Only the stretch below from the line holding "無銘(長船師光) Picture of Certificate" through the line holding "Panorama De Salon" should be restated, word for word and with both ends included; pictures stay out.

Records provided

+ + +

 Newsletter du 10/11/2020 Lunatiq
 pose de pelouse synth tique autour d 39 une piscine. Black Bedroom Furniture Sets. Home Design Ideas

+ + +

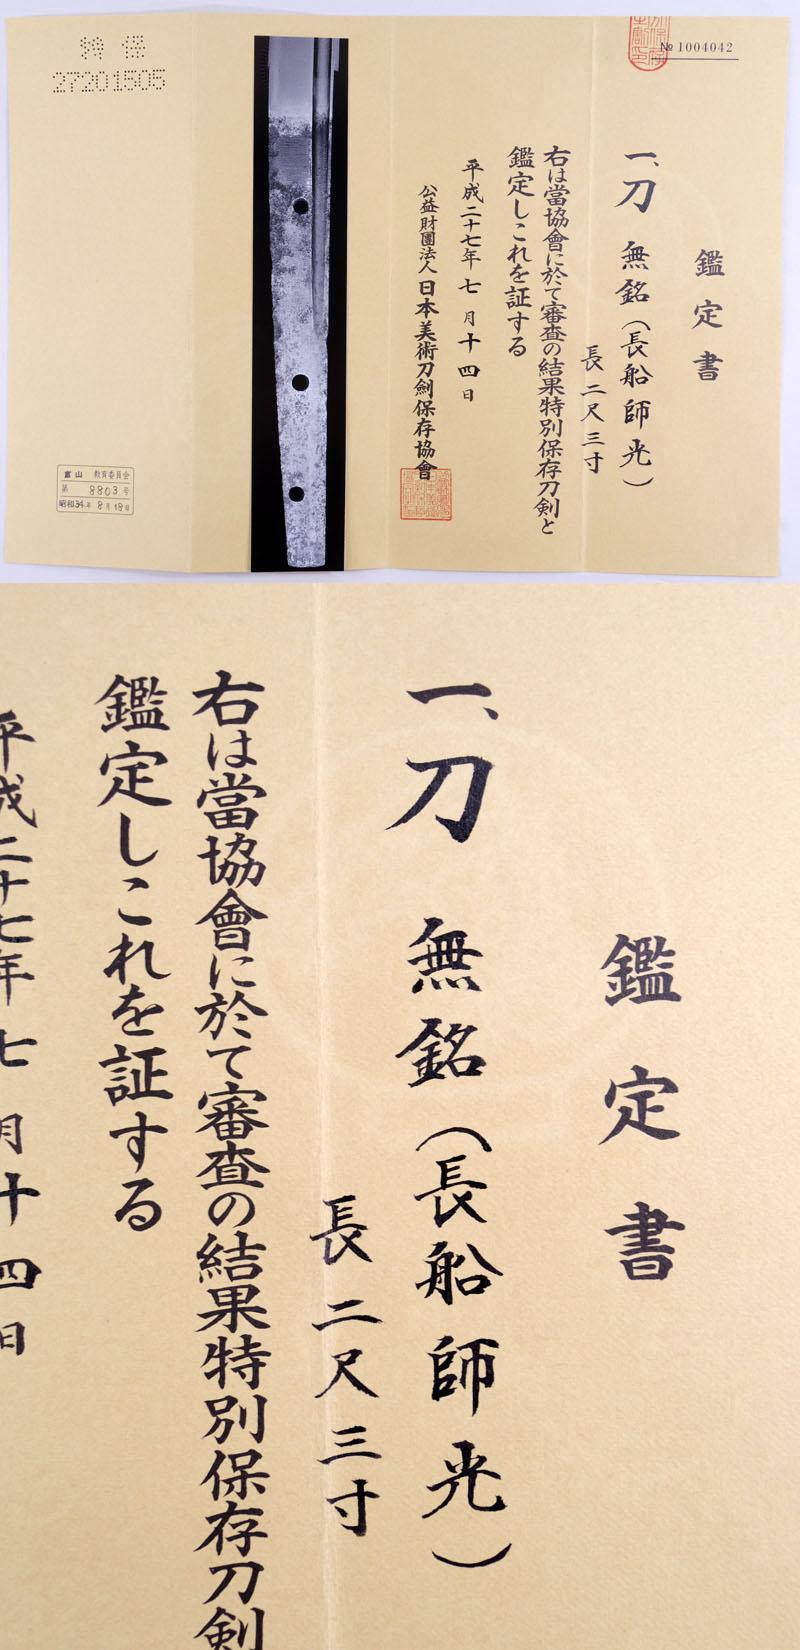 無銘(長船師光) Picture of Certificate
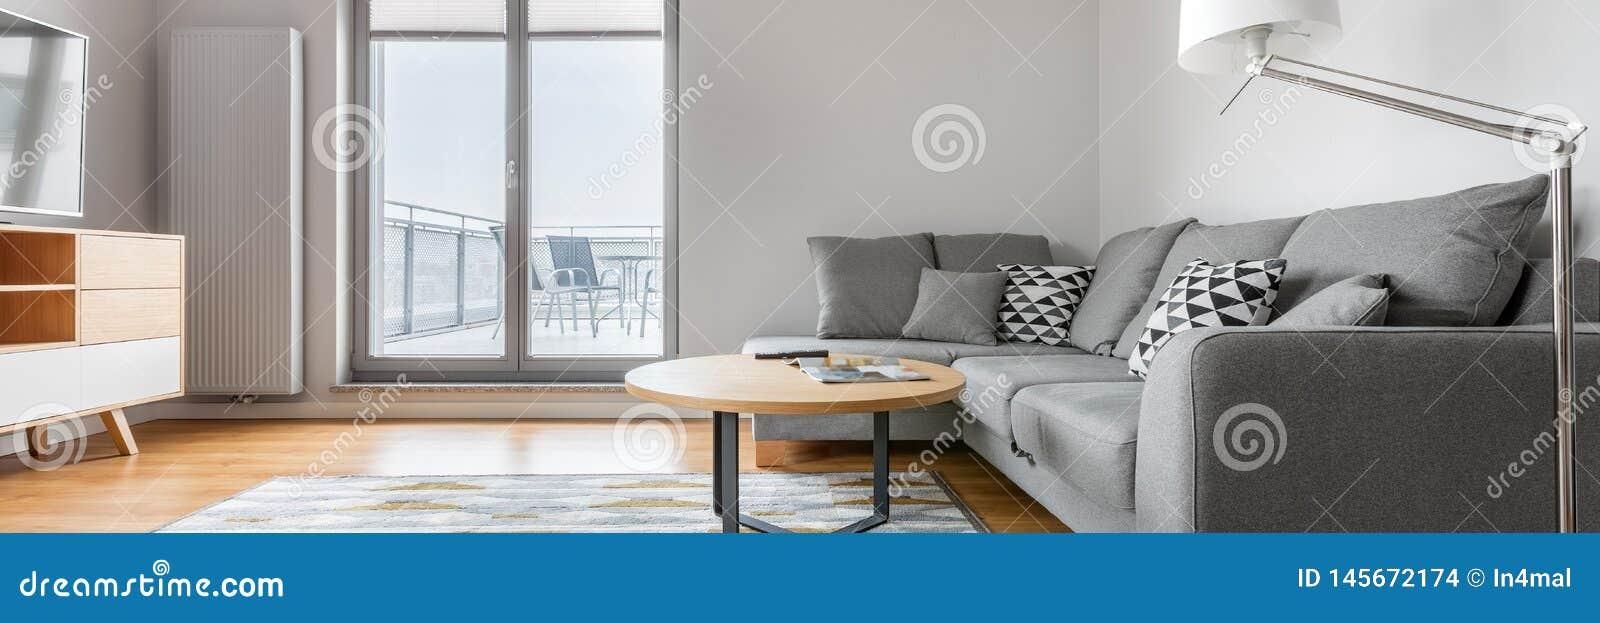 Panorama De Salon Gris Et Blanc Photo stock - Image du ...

+ + +

Answer to this task
 無銘(長船師光) Picture of Certificate
 Panorama De Salon Gris Et Blanc Photo stock - Image du ...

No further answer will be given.